Cumbrian volunteers revamp historic 1930s carriage

1930's passenger coach No.60505
Image caption The teak body has now been restored to its original condition

A train carriage dating back to the 1930s which was stripped and used for railway maintenance is being given a new lease of life by volunteers.

The LNER Tourist Third Open (TTO) coach No.60505 was built in York in 1936, but was taken out of passenger service in the 1960s.

The train was then used for duties such as carrying tools and equipment for railway maintenance.

Now, in a 10-year project, a group of volunteers are restoring the coach back to its former glory as a passenger vehicle.

Mike Thompson, who is managing the project, said its completion was "tantalisingly close".

The coach arrived at Kirkby Stephen East in 2002 after being purchased from Historic Scotland.

On its arrival, the coach was lifted off its wheels and the wooden body was stripped and the underframe repaired.

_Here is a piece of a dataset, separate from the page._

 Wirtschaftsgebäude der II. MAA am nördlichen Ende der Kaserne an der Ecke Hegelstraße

The teak body has now been restored and varnished and the canvas roof has been replaced.

'A proud day'

From the interior, everything has been removed from the seats, right down to door handles and coat hooks.

Mr Thompson said: "This will be the first time since the interior was stripped by British Railways in the 1960s that this beautiful coach will once again look like a passenger vehicle, and will signal the beginning of the end of this long-term project.

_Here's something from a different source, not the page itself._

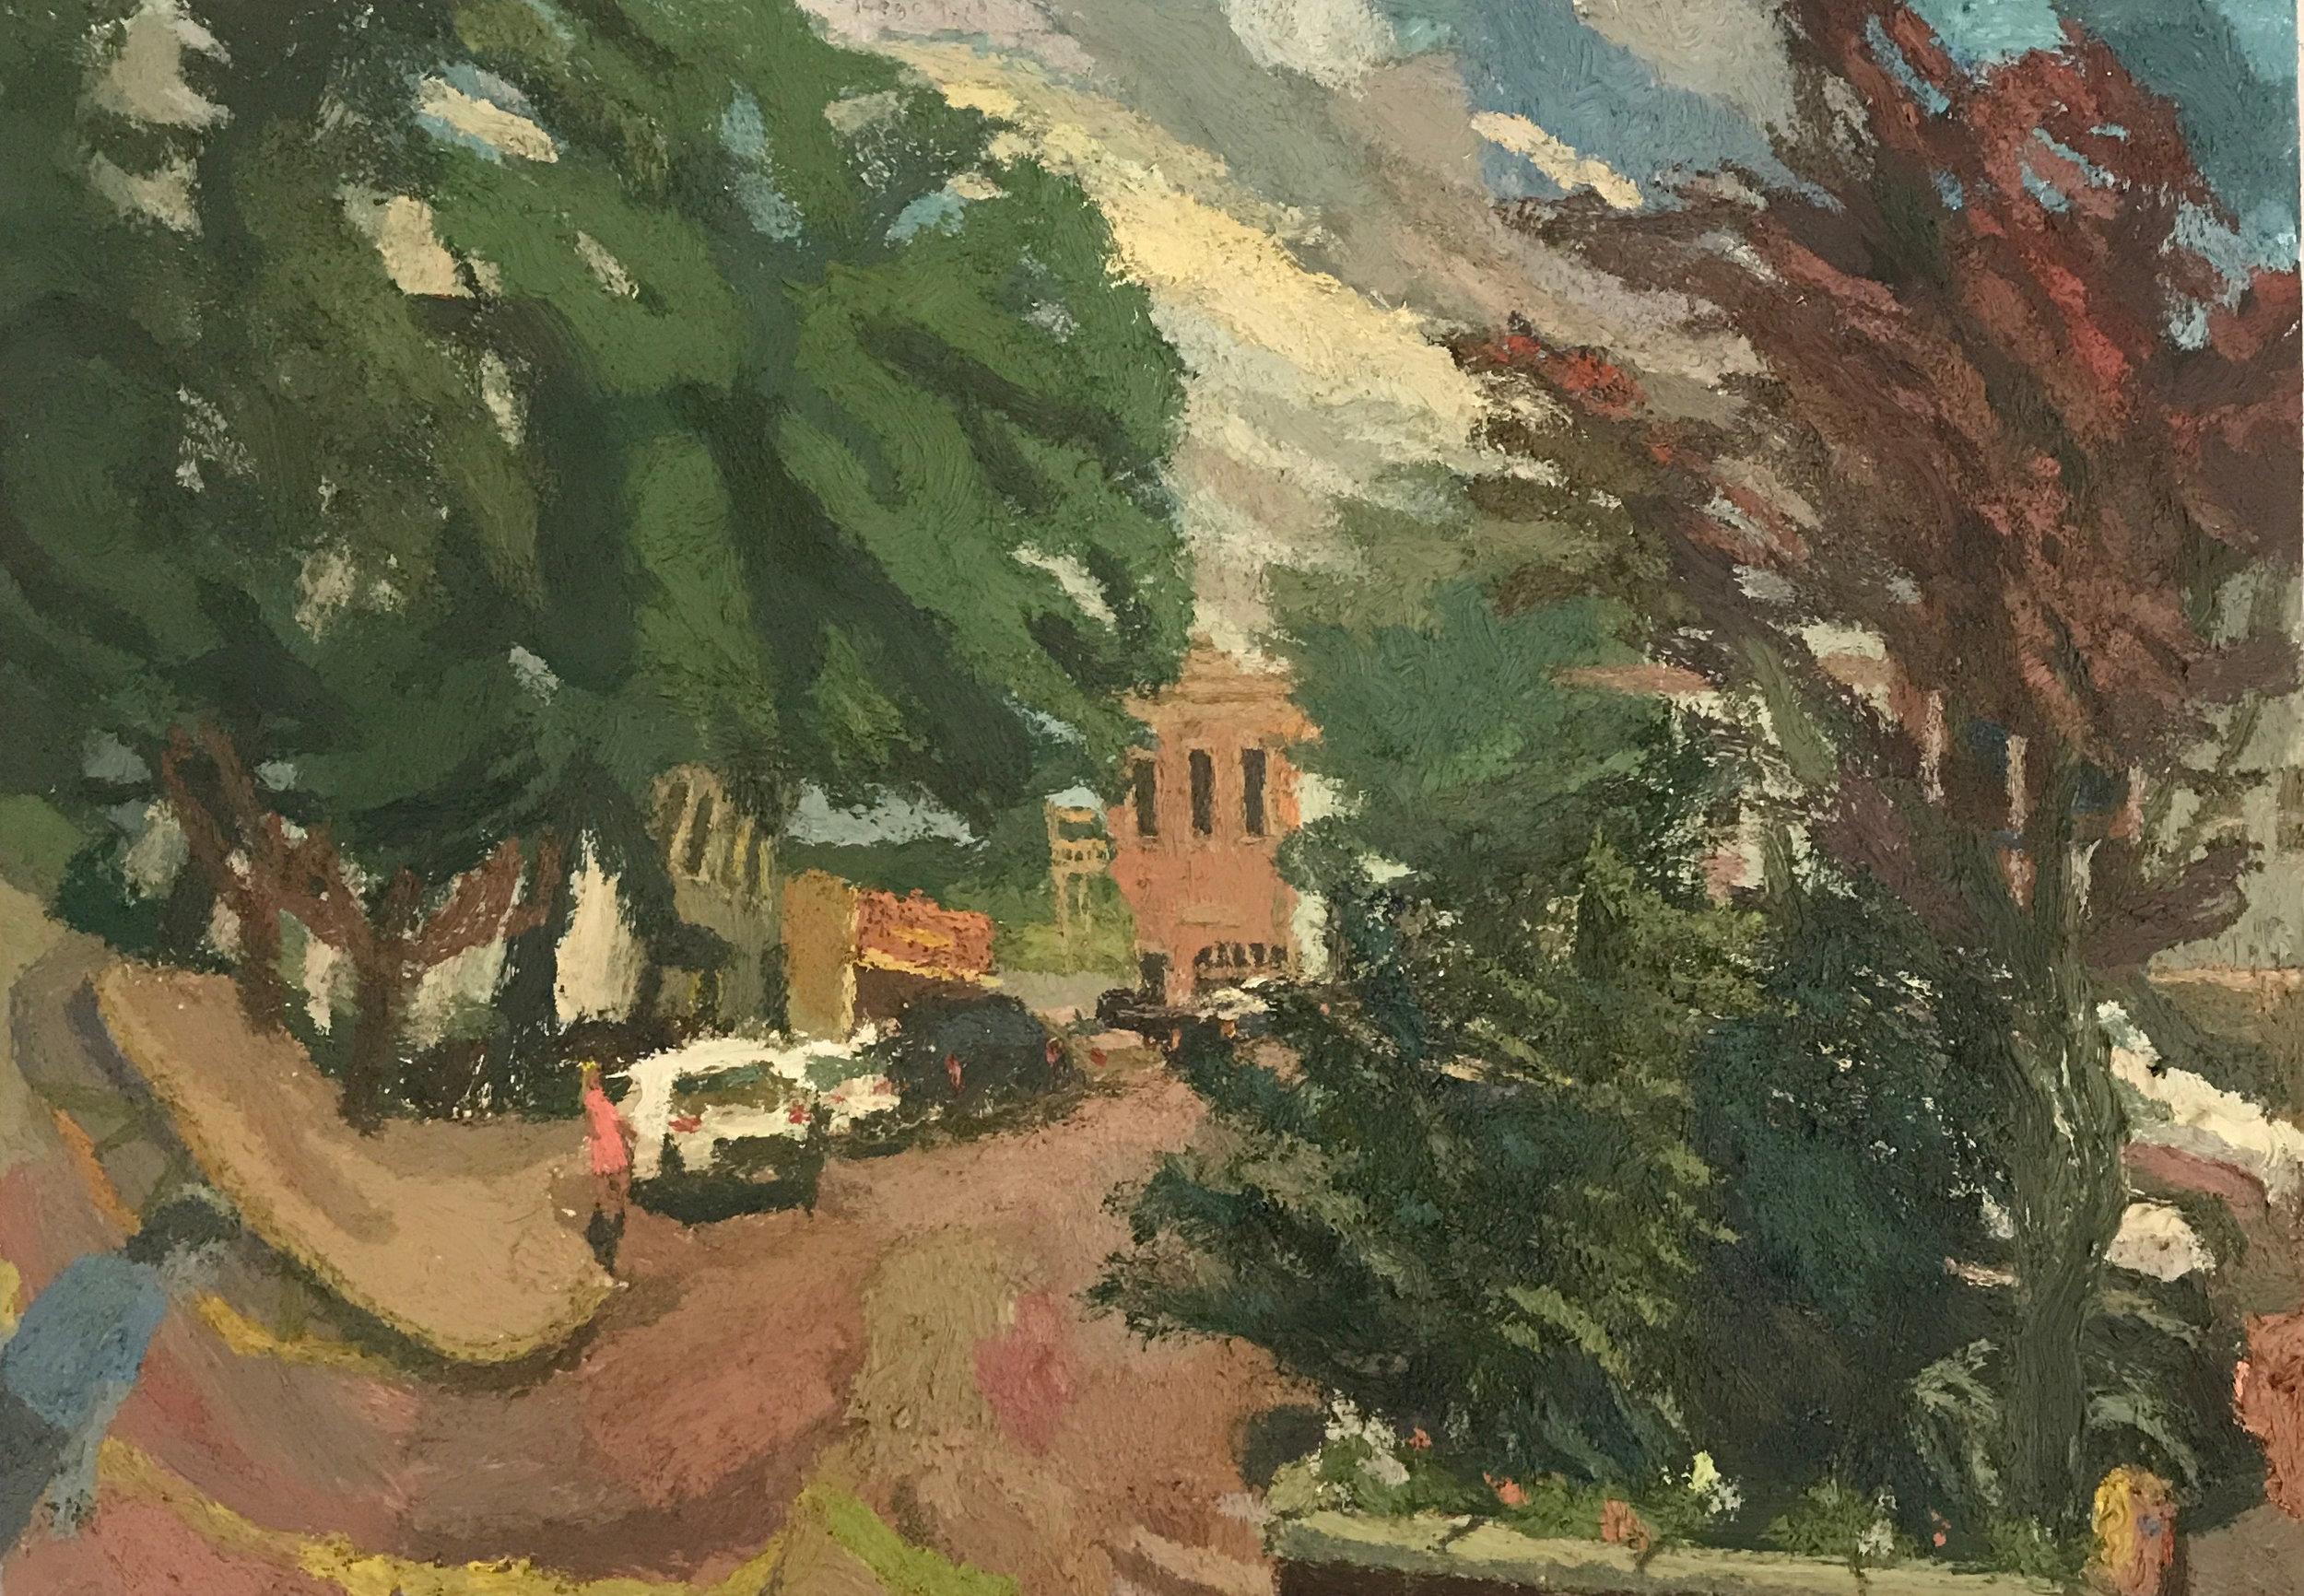 John Davis Gallery - Hudson, NYJanuary 5 - 27, 2019Tiny MirrorsOpening Reception: Saturday, January 5, 6-8pm

"We are very pleased that the varnished teak exterior is now almost back to the condition it would have shown when first built at York in 1936."

Image caption The upholstering of the seats is the final part of the project

All the interior fittings have been copied exactly from surviving examples in coaches at other heritage railways.

Now, to complete the project, the interior is getting a makeover, with the 26 bucket seats being upholstered thanks to £11,207 from the Rural Development Programme for England (RDPE).

The group hope to complete and install the seats by the end of 2012.

Once completed, the coach will be used as a passenger vehicle at Stainmore Railway by the end of 2013.

However, the project needs another £25,000 in donations for the final part of the project.

Mr Thompson said: "It will be a proud day when she's finally complete and waiting at the station platform for her first passengers to climb aboard and go back in time.

"Many of our friends in the Upper Eden Valley and further afield have vivid memories of their trips on the line, whether to go shopping, travelling to see friends or family, or indeed, in darker days, on their way to military service.

"It will be an emotional moment to many people for many reasons when she pulls away from the platform for the first time."